The name of 19 identified IscB orthologs are shown. The evolutionary distance scale of 0.5 is shown.
Extended Data Fig. 2 Engineering various IscB ωRNAs to improve their editing efficiency in mammalian cells.
a–c, IscB.m1 (a) improved EGFP signal by truncation of stem loop in R1 of ωRNA, and IscB.m15 (b) and IscB.m18 (c) improved EGFP signal by truncation of stem loop in R1 and R5 of ωRNA. The red dashed lines represent the value of WT. The red arrows represent the current optimal variants for each IscB ωRNA. Data are shown as mean ± s.d., n = 3 independent biological replicates.
Extended Data Fig. 3 TAM profiling of IscB.m16 WT and its variants using GFxxFP fluorescence reporter system in HEK293T cells.

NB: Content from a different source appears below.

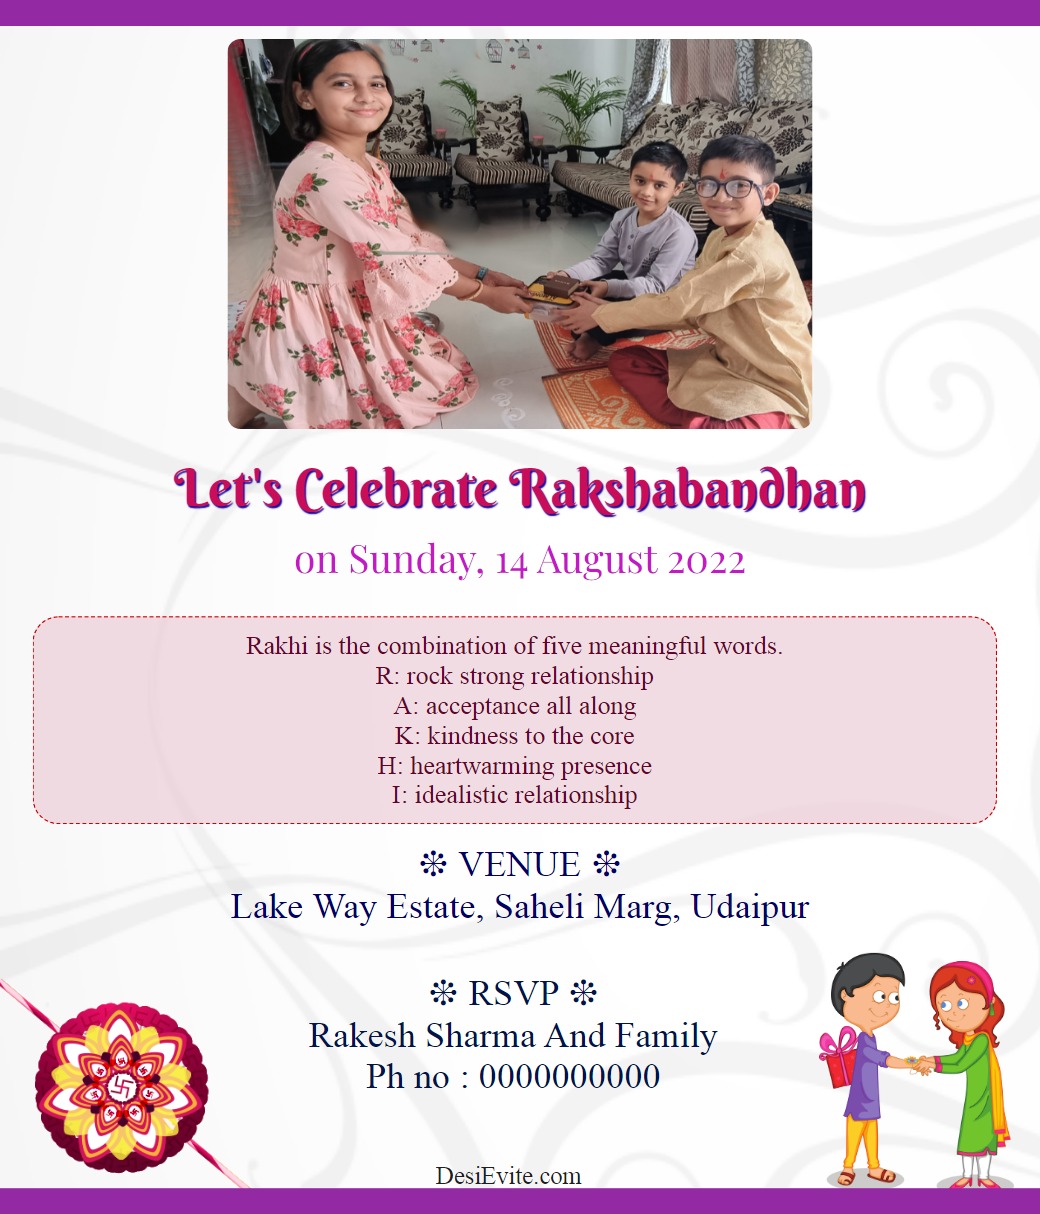 akshabandhan invitation card with photo 109

a, b, TAM profiling of IscB.m16 at 19 reporters containing different TAMs. c, Screening for highly active variants from saturated mutants at H380, Q381 and M424 of IscB.m16 proteins based on GFxxFP reporters containing a TAM pool1 target. Each dot represents the editing activity for a single variant. The dashed line indicates the editing activity of WT. Colored dots reflect the mean of three independent biological replicates. d, e, Comparison of editing activity among IscB.m16 WT and its variants at 19 GFxxFP reporters, which contain different TAMs. Data are shown as mean of 3 independent biological replicates. f, TAM profiling of IscB.m16RSH at 64 reporters containing the same spacer and 5’-NNNGAA-3’ TAM sequences. Values and error bars represent mean and s.d., n = 3 independent biological replicates.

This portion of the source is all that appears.